Optimizing tree building

Fri Jun 8 01:38:45 BST 2007

-----BEGIN PGP SIGNED MESSAGE-----
Hash: SHA1

Aaron Bentley wrote:
> Hi all,
> 
> Attacking tree-building from the other angle, I did a profiling run with
> kcachegrind.
> 
> We spend 72% of our time in workingtree_4.get_file_lines.
> We spend 26% of our time in _KnitIndex._load_data.
> We spend 49% of our time in _get_content_maps, reading the various
> records for knit data.

I have pyrex code for _load_data, which

a) needs review:
http://bundlebuggy.aaronbentley.com/request/%3C46422E07.2090800@arbash-meinel.com%3E

b) Probably needs to be cleaned up slightly for how we want to include pyrex
code in bzrlib.

It should help that 26% a lot at least.

Also, our indicies aren't really written for speed of parsing. So there are
probably things we could do. Also, because of dictionary compression, it is a
little bit tricky to read them backwards. If we started them with their line
number, that would help. So that we would have:

1 revision-xxyyzz
2 revision-zzaabb 1
...

Otherwise you have to already know a parent to know when you've actually read
the right parent record.

> 
> It seems essential to me that we avoid parsing entire indices, because
> the size of these indices scales linearly with the length of history.
> 
> I haven't got a clear idea how to do that.  One option would be to sort
> the indices, so that we can bisect into them.  It would help if they had
> fixed-length records.
> 
> But then we couldn't append to indices, and rewriting indices would have
> the same scaling problem.  So perhaps we'd have a series of indices?
> 
> But then how would we know which index held the information for a given
> revision?  Maybe we put a bloom filter in the filenames?

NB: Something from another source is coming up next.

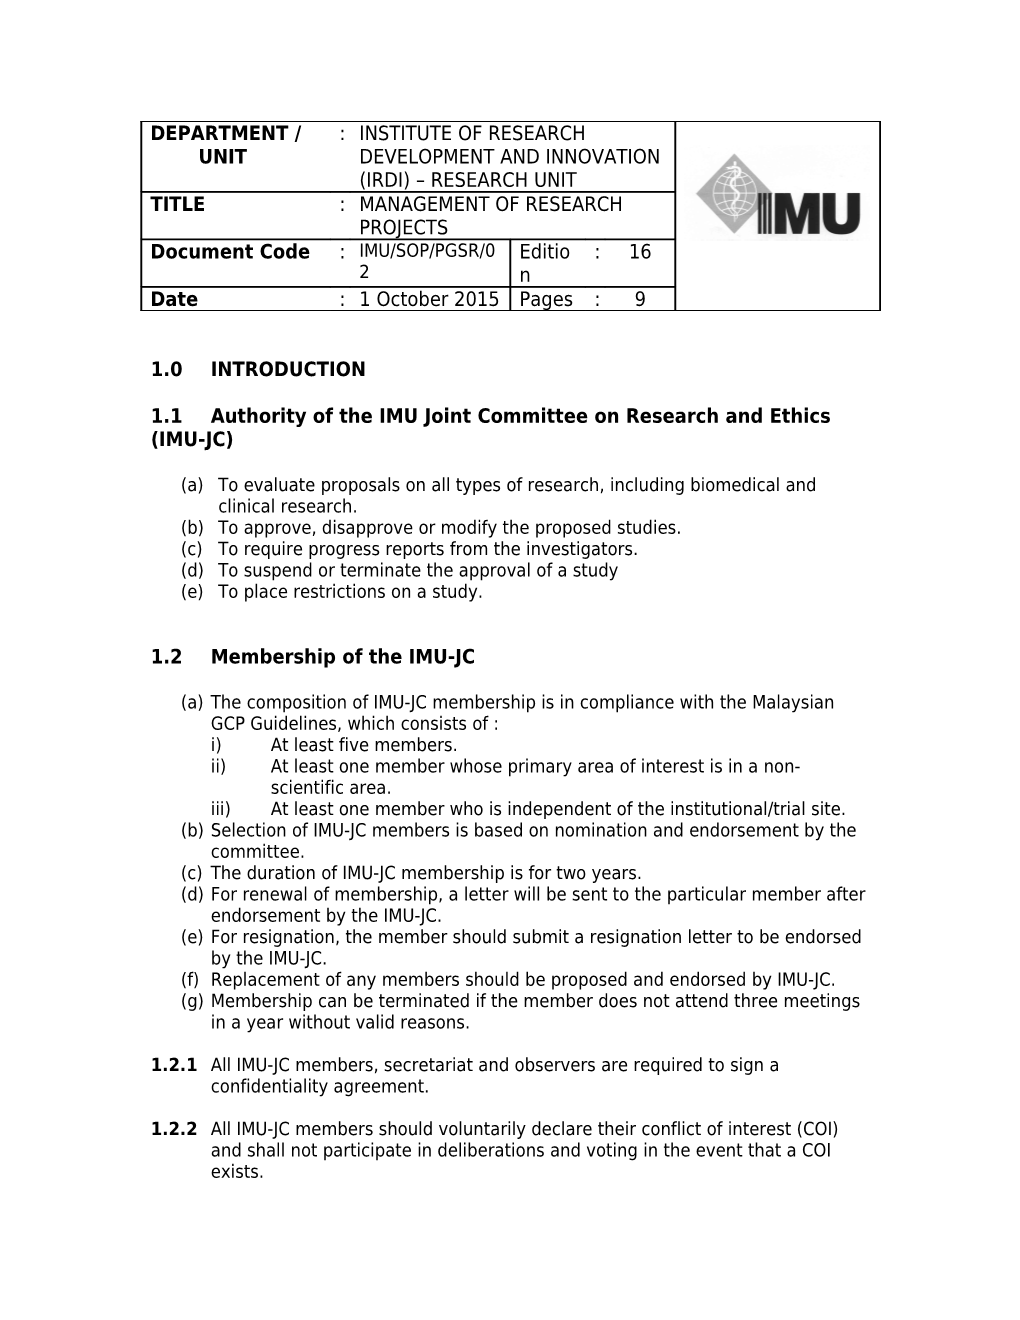 1.1Authority of the IMU Joint Committee on Research and Ethics (IMU-JC)

We looked into that, too. Bloom filters work okay when you use 1-byte per key
(1% mark is around 9.6bits, 10% around 4.?? bits). The problem is that with
case sensitivity you don't have 8-bits per byte that you can use. Also, you
have to be careful about filename collision when the filters start to fill up.
(A full filter ends up as 0xFFFFFF, which obviously collides).

Anyway, you end up able to store maybe 100 entries in a reasonable filename
with a 10% error rate. So it is better than nothing, but 100 isn't very much
(considering when you are dealing with 10000 revisions, or even 1M revisions).

You *could* put a decent sized bloom filter at the start of the file (1k is
pretty good, 10k is getting decent all around).

But then again, what would you gain if you stored a trie of the revision ids in
the first 10k. It wouldn't be nearly as compact as the bloom filter, but you
would be a long way in knowing *exactly* what revision ids are present.

> 
> I really don't know where this will lead to.  But even if we don't move
> to a blob format for storing revision data, the index problem has to be
> solved.
> 
> Anyone?
> 
> Aaron

I do think we will have an index. I thought we had discussed having it
write-once (so each blob gets its own index, and you don't append to existing
blobs, every so often you combine blobs into a new blob, and write out a new
index).

That has the nice property that you can optimize the index in any way that you
want (bisect, bloom filter, whatever).

It means you may need to read more total indices, but after the combining step,
there are fewer again.

John
=:->
-----BEGIN PGP SIGNATURE-----
Version: GnuPG v1.4.7 (Darwin)
Comment: Using GnuPG with Mozilla - http://enigmail.mozdev.org

iD8DBQFGaKUVJdeBCYSNAAMRAmWrAJ92jF8SL0UVI4ZaHC/puDQ25v3FeQCgv1F+
xj3T5jjfn/jf5DR2BCBXL/s=
=qYax
-----END PGP SIGNATURE-----